El taxi llegó puntual. Lucía me ayudó a bajar las escaleras. El conductor, un hombre de unos cincuenta años, me miró con compasión. “¿A dónde vamos, señora?”, preguntó. Yo no supe qué responder. Miré a Lucía, buscando una señal, una palabra de consuelo.

—A la residencia San Rafael —dijo ella, y sentí que el suelo se abría bajo mis pies.

No recuerdo el trayecto. Solo sé que las lágrimas me corrían por las mejillas y que apretaba la maleta como si fuera un salvavidas. Lucía intentó hablarme, pero yo no podía escucharla. Mi mente se llenó de recuerdos: las Navidades en familia, los veranos en Benidorm, las risas de mis nietos. ¿Todo eso se acababa aquí?

Al llegar, una enfermera joven nos recibió con una sonrisa forzada. “No se preocupe, Layla, aquí estará bien cuidada”, dijo. Pero yo solo veía las paredes blancas, las camas alineadas, los rostros tristes de otros ancianos. Sentí que me ahogaba.

—Lucía, por favor, llévame a casa —sollocé, perdiendo toda dignidad. Ella me abrazó, pero su abrazo era frío, como el mármol.

—Es solo temporal, Layla. Me han llamado del hospital, mi madre está muy enferma y tengo que ir a cuidarla. No puedo dejarte sola en casa, entiéndelo. Sergio vendrá a verte el sábado, te lo prometo.

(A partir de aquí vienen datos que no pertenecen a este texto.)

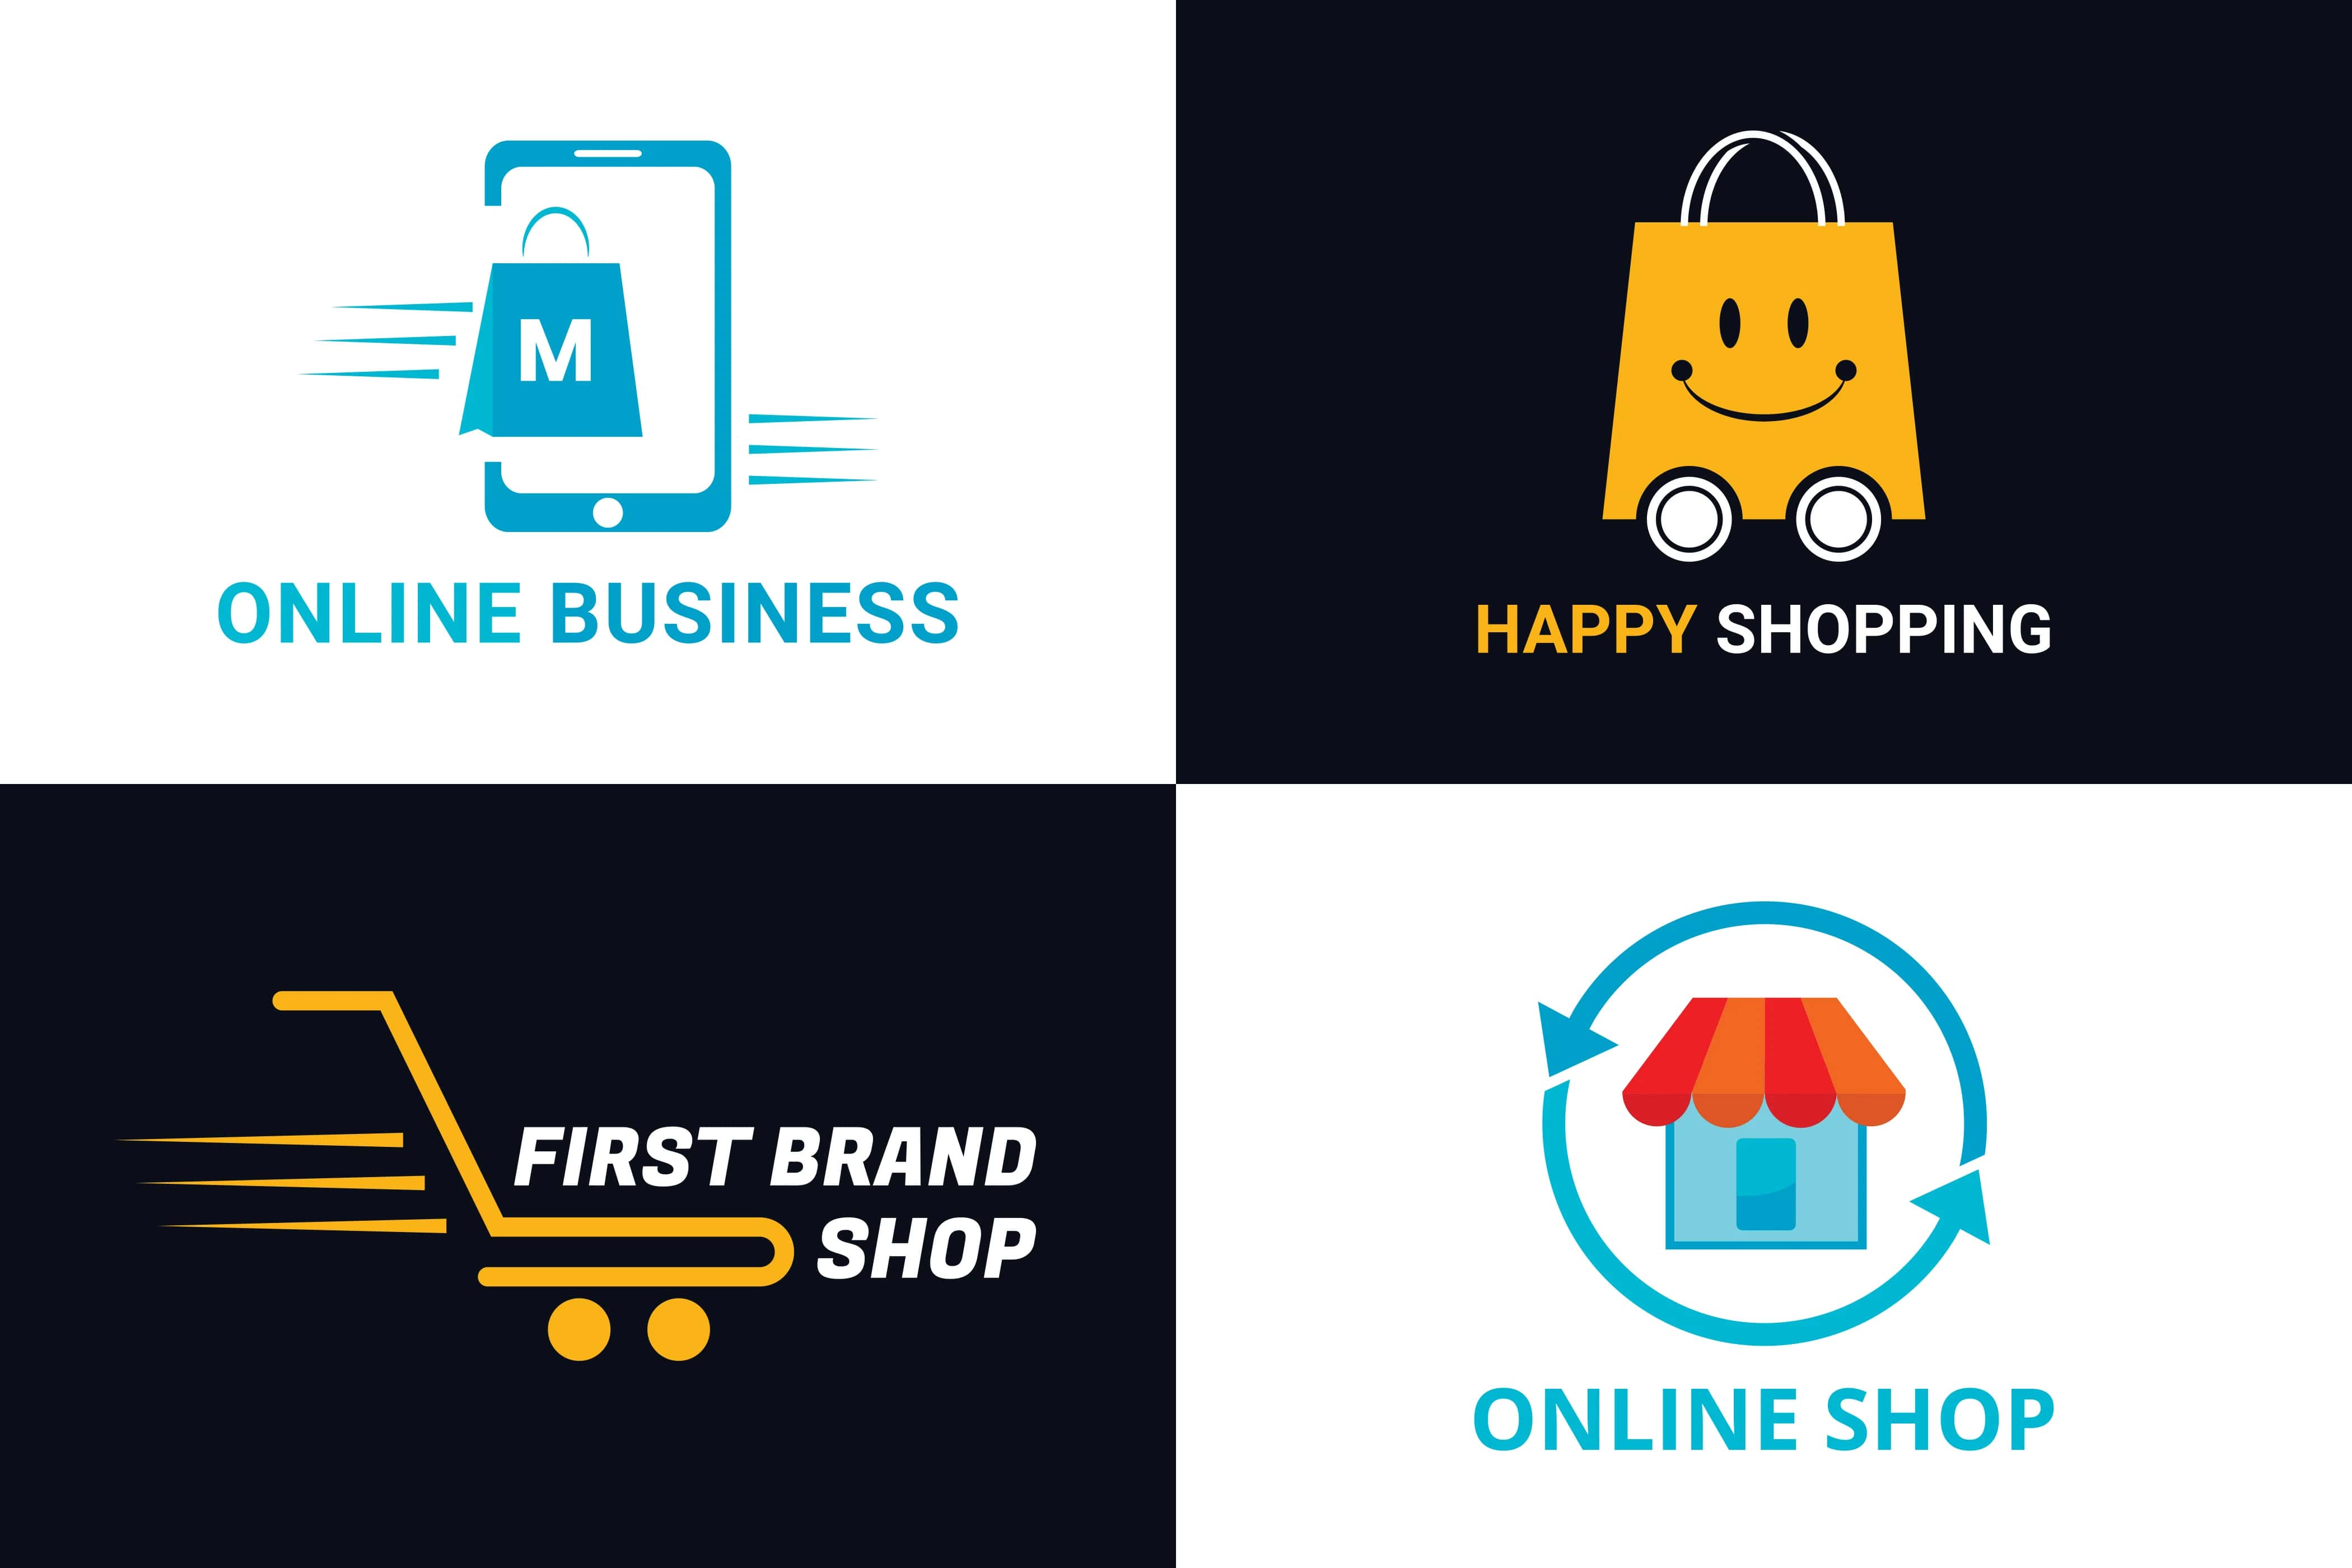 Tổng hợp Mẫu logo bán hàng online đẹp Theo nhiều chủ đề khác nhau

No supe qué decir. ¿Era verdad? ¿O era solo una excusa para dejarme aquí y olvidarse de mí? Me sentí traicionada, como si todo lo que había dado por mi familia no valiera nada.

Los días pasaron lentos. La comida era insípida, las noches eternas. Compartía habitación con Rosario, una mujer de Albacete que no recordaba ni su propio nombre. A veces, por las noches, lloraba en silencio, preguntándose por qué sus hijos no venían a verla.

Un día, mientras miraba por la ventana, vi a Sergio llegar. Mi corazón dio un vuelco. Entró en la habitación, me abrazó fuerte y me susurró al oído:

—Mamá, perdóname. No sabía que Lucía te traería aquí sin avisarme. He hablado con ella, en cuanto pueda te llevo de vuelta a casa.

Lloré como una niña. Sergio se quedó conmigo toda la tarde, escuchando mis historias, acariciando mi mano. Me prometió que nunca me dejaría sola, que buscaríamos una solución juntos.

Esa noche, mientras Rosario dormía, pensé en todo lo que había pasado. ¿Por qué nos cuesta tanto hablar de estas cosas en familia? ¿Por qué el miedo y la vergüenza nos impiden pedir ayuda, mostrar nuestras debilidades?

Hoy sigo en casa, con ayuda de una cuidadora que viene por las mañanas. Lucía y yo hablamos más, intentamos entendernos. Pero el miedo sigue ahí, agazapado en algún rincón del alma.

¿De verdad somos una carga para quienes más queremos? ¿O es el mundo el que nos hace sentir así? ¿Alguna vez habéis sentido ese miedo a ser olvidados por vuestra propia familia? Me gustaría saber que no estoy sola en esto.